Of course, I am not here offering solutions, but rather making some sketchy remarks to do with identifying the challenges which workers in the West face in the light of the deteriorating conditions under which work is conducted. I suggest that in an understanding of this, a proper sense of the nature and ramifications of 'violence' is necessary. We do not understand what is at stake in current debates over the nature of work and the proper direction of society if we restrict ourselves to narrow conceptions of violence; if we do not take time to appreciate forms of violence which, being silent, hide in plain sight.

 

[1] See Rachels, James (1975). Active and passive euthanasia. In Steven M. Cahn (ed.), Exploring Philosophy: An Introductory Anthology. Oxford University Press. In the case as so described the intuition is I think a sound one, though what conclusions if any we may draw from it concerning euthanasia is another matter.
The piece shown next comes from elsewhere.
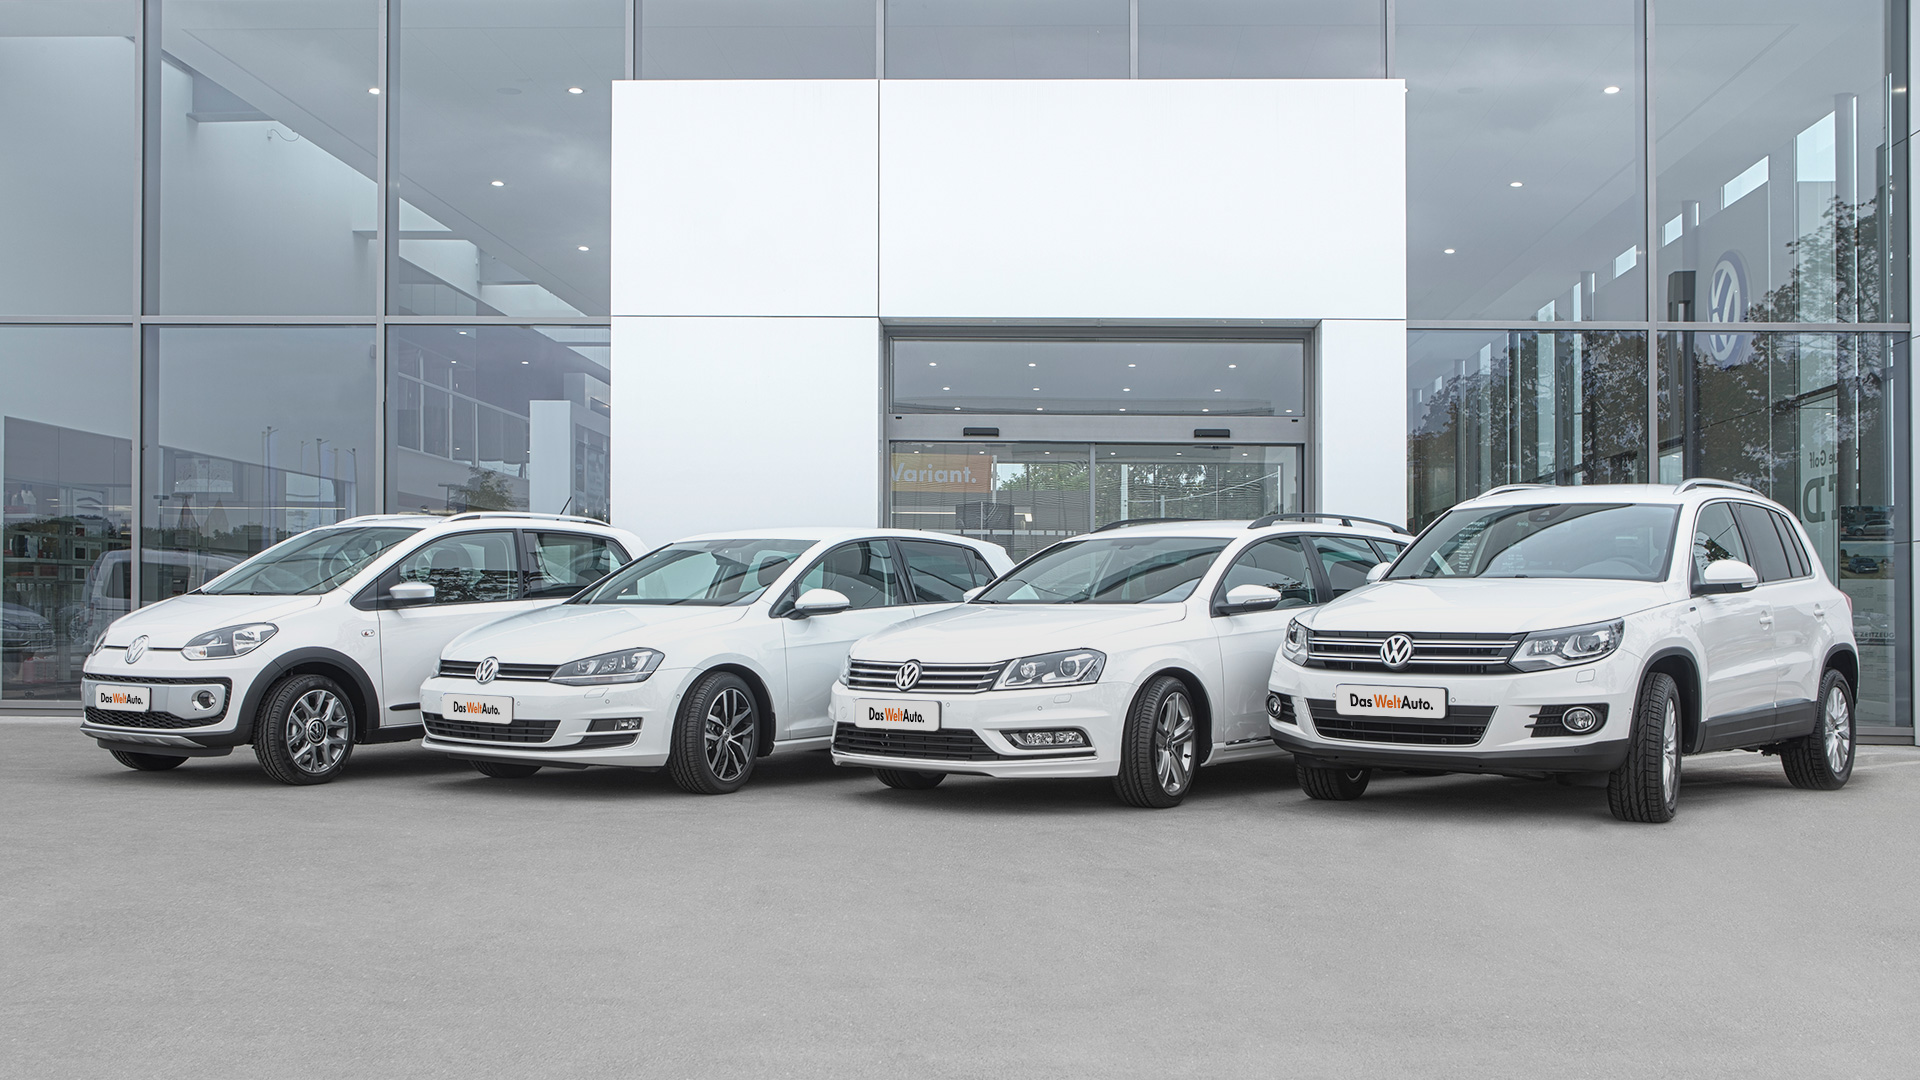 Najpopularniejsze modele marki Volkswagen

[2] The reference to 'reasonability' here builds standards which keep us from having to endorse a milquetoast relativism, according to which a person can, by a word, consent to any degree of harm. Difficulties, both moral and legal, emerge in extreme cases – such as people who 'consent' to being killed and eaten. Whatever we want to say about extreme cases, our philosophy must at the very least recognise them as difficulties – recognise, that is, the fact that considerations may push and pull us in different directions.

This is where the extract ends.